I finished the quote. “A good general never gets in a close-fought battle. Hit them where they are weak.”

“Avoid them when they are strong,” added Tosten, coming from the fire to sit cross-legged next to me. “Hit their supply trains and their payroll.”

The fight between Oreg and Ciarra degenerated into farce when she broke into giggles at the fierce scowls he was sending her way. The sounds were atonal and odd, but they made me smile. Oreg hoisted her over his shoulder and spun around until he staggered.

6
ESTIAN: Erdrick, Beckram, and Garranon

It was not just my story. Some of it I heard of much later. While we were still approaching Estian, events occurring in the city were to play a major role in what happened later.

NORMALLY
THE TREATISE HE
'
D
borrowed from the king's library would have been enough to keep his attention, but Erdrick found himself too busy trying to ignore the sounds coming from his brother's room next door.

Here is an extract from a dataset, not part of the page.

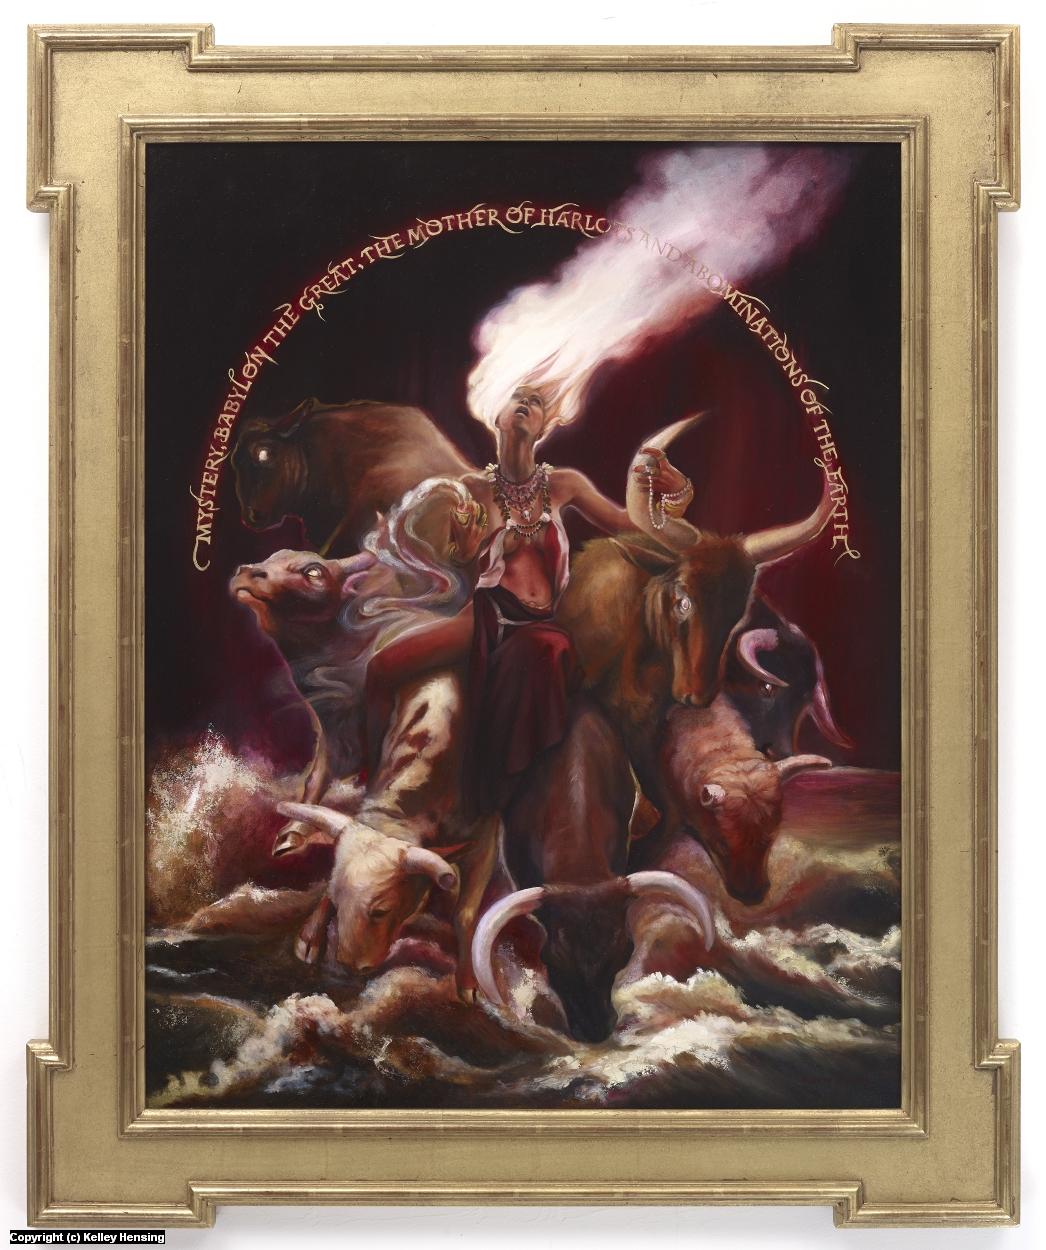 The Great Harlot Artwork by Kelley Hensing

He shifted in his bed to get comfortable and turned the page. “At least they could be quieter about it,” he muttered as a particularly shrill cry came through the walls. “It's disgusting. The queen's older than Mother.” But much better looking, he had to admit.

The sex didn't bother him; he'd been ignoring his brother's mating calls since their mother's maid had first seduced Beckram. It was the thought of his brother's neck under the headsman's ax which worried him—and that was probably the very thing that had led Beckram to the affair in the first place. As usual, Beckram played, and Erdrick fussed over the risks his twin took.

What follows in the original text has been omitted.